§ Given data
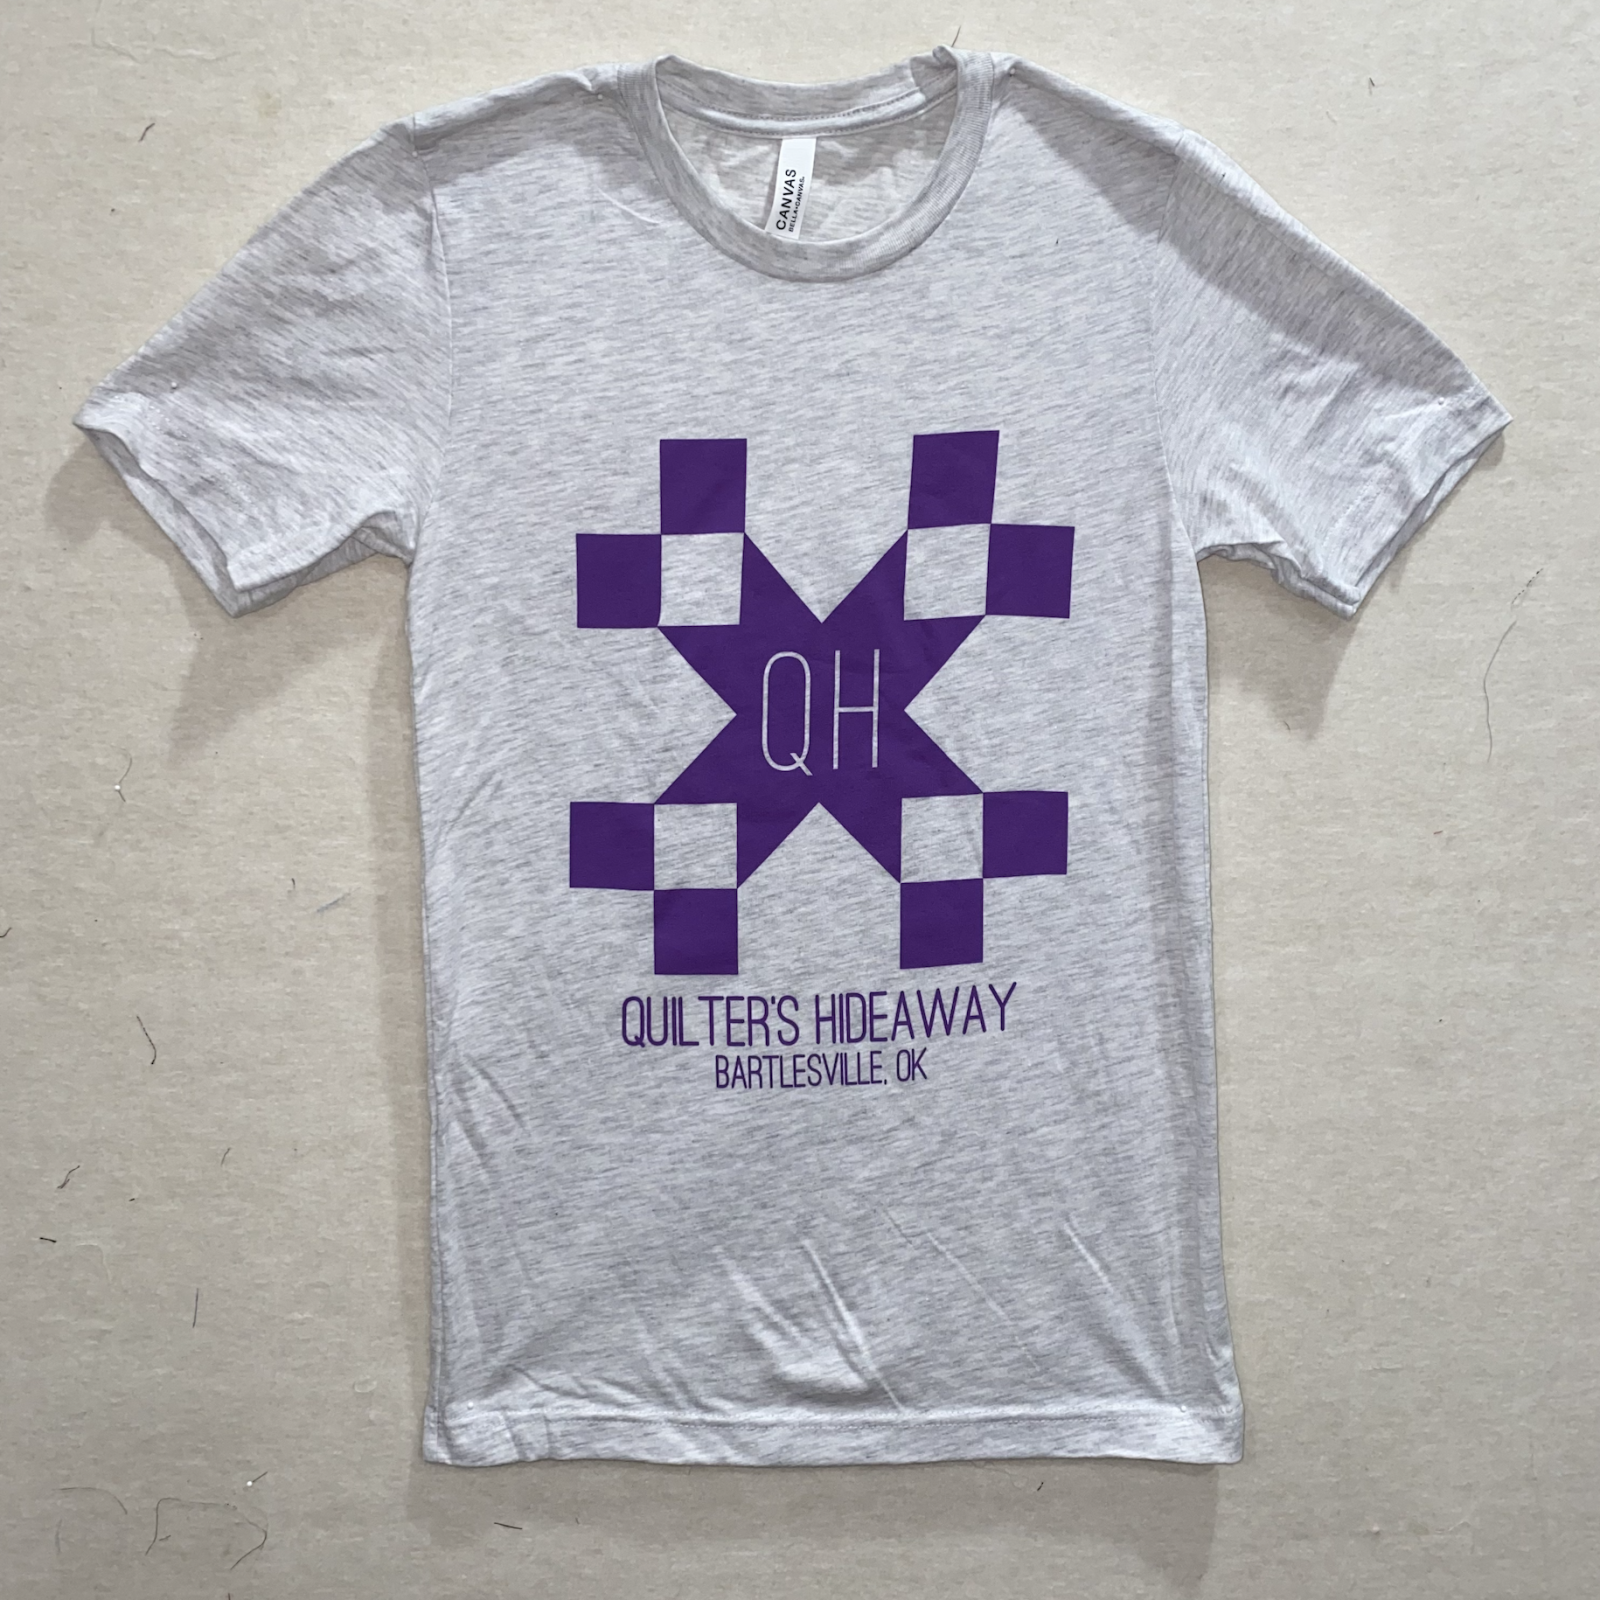 QH Ash Short Sleeve T Shirt - 2XL
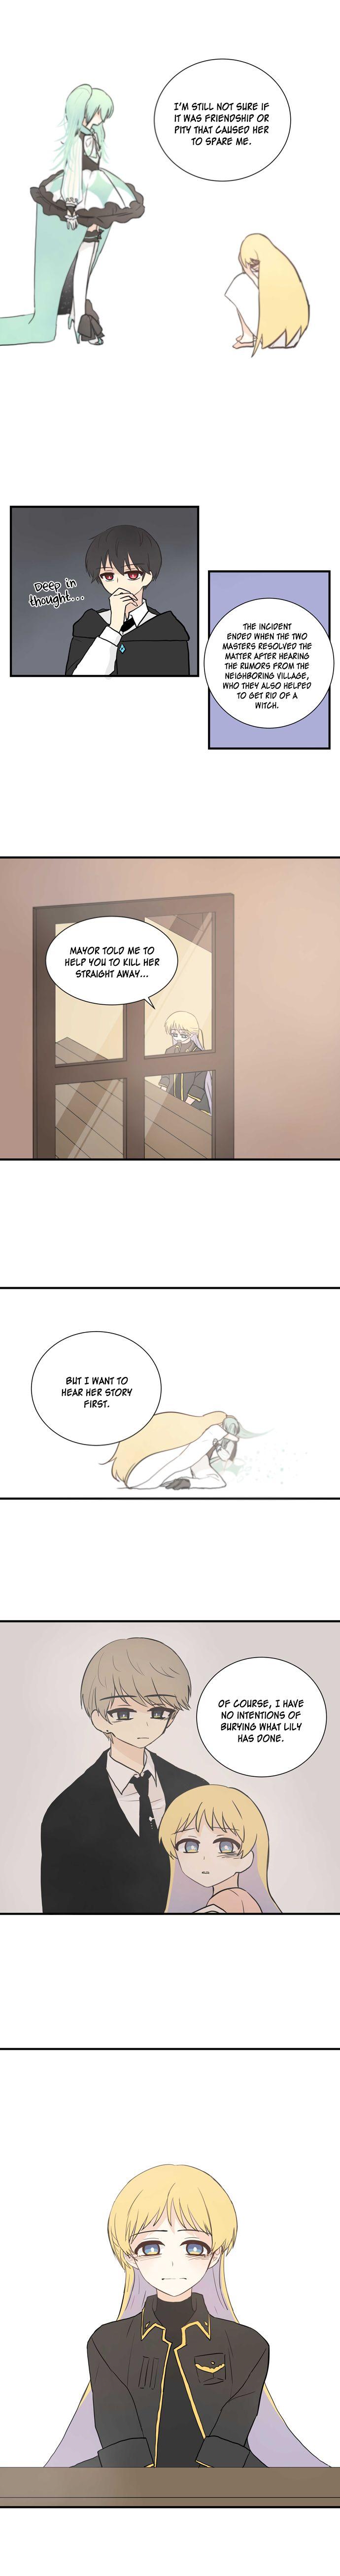 Doll (maen) - Chapter 12
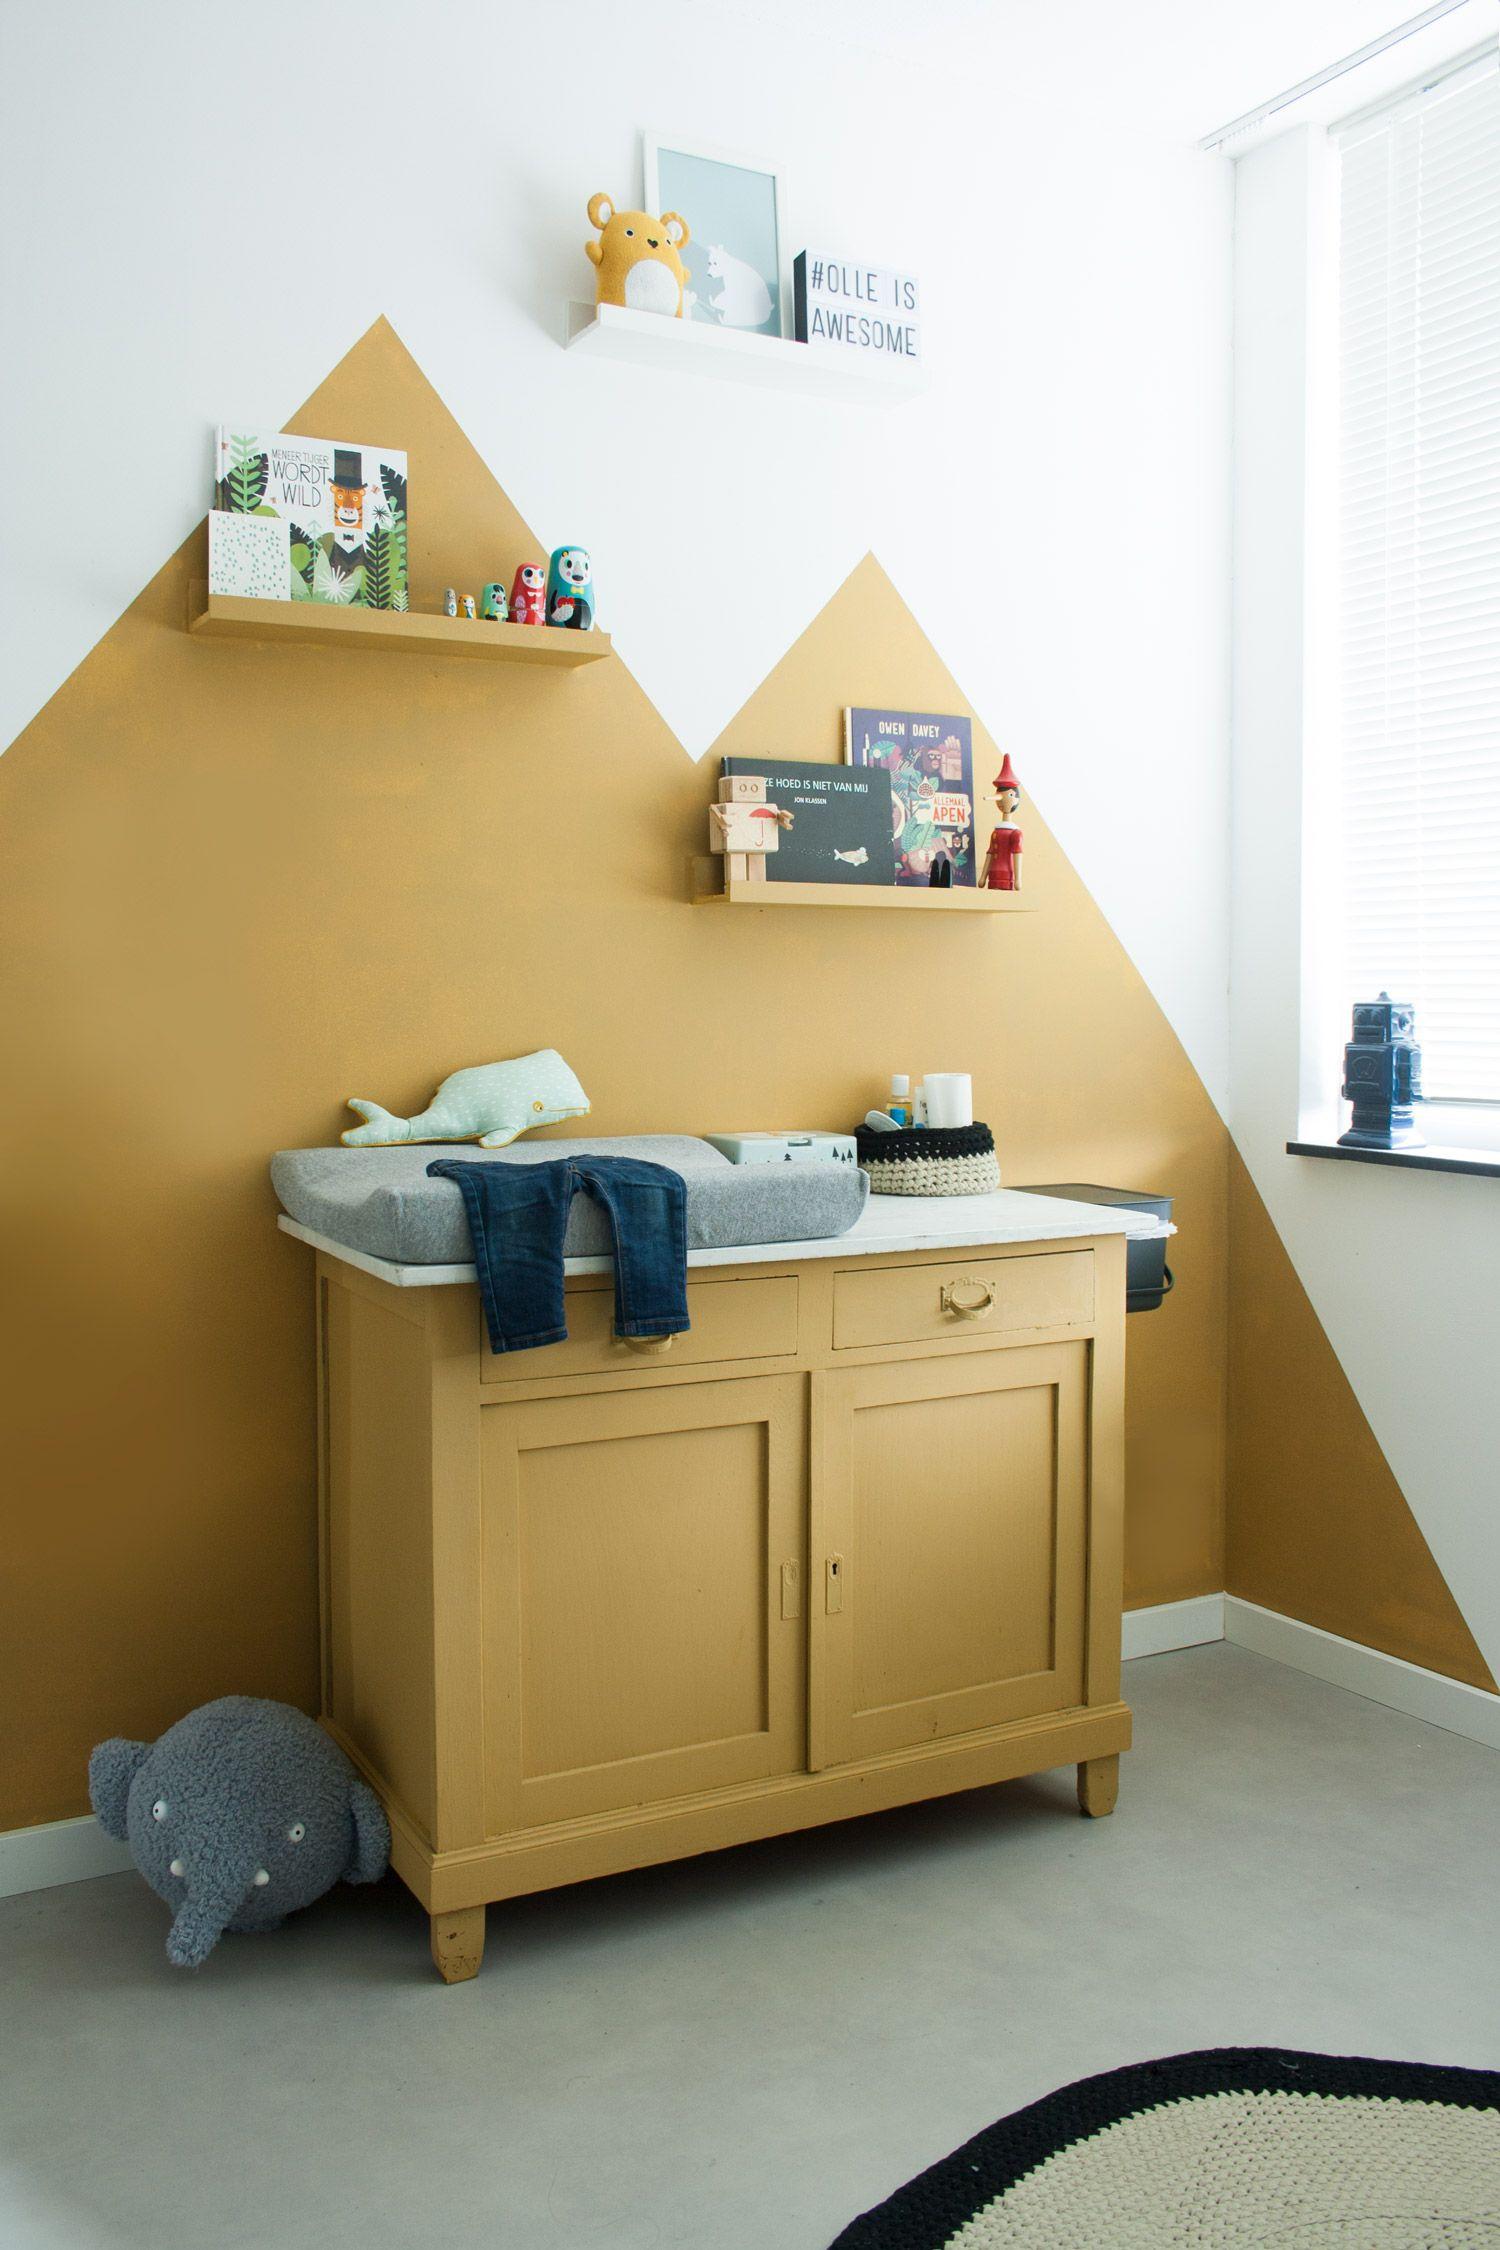 Mooie Baby Slaapkamer.Een Mooie Oker Gele Baby Kamer Kinderkamer Babykamer
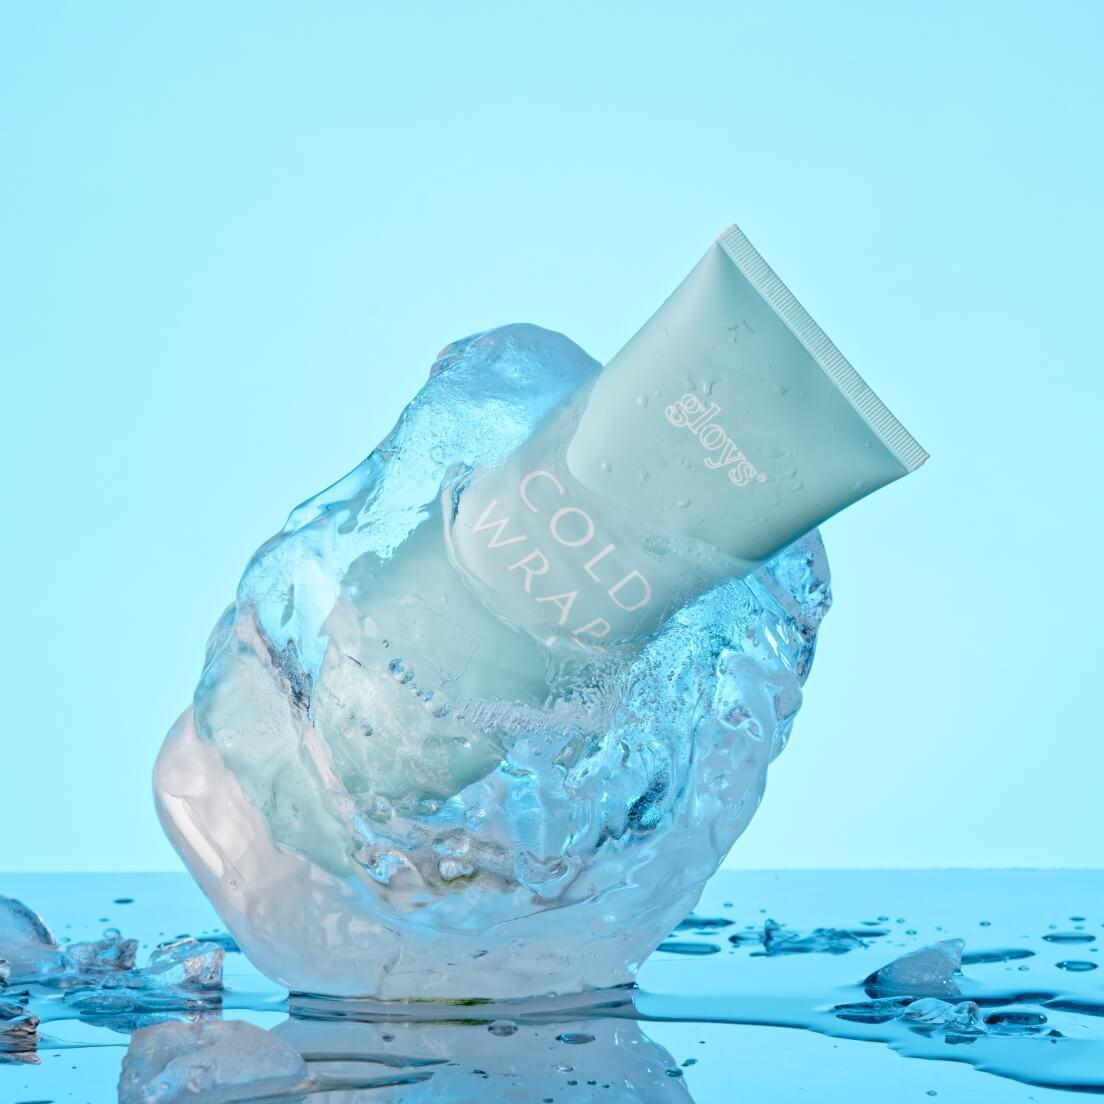 Gloys Cold Wrap крем-маска для холодного антицеллюлитного обертывания 250мл

§ Task details
Each line of the data should be quoted exactly, with pictures left out.

§ Output for this exercise
 QH Ash Short Sleeve T Shirt - 2XL
 Doll (maen) - Chapter 12
 Mooie Baby Slaapkamer.Een Mooie Oker Gele Baby Kamer Kinderkamer Babykamer
 Gloys Cold Wrap крем-маска для холодного антицеллюлитного обертывания 250мл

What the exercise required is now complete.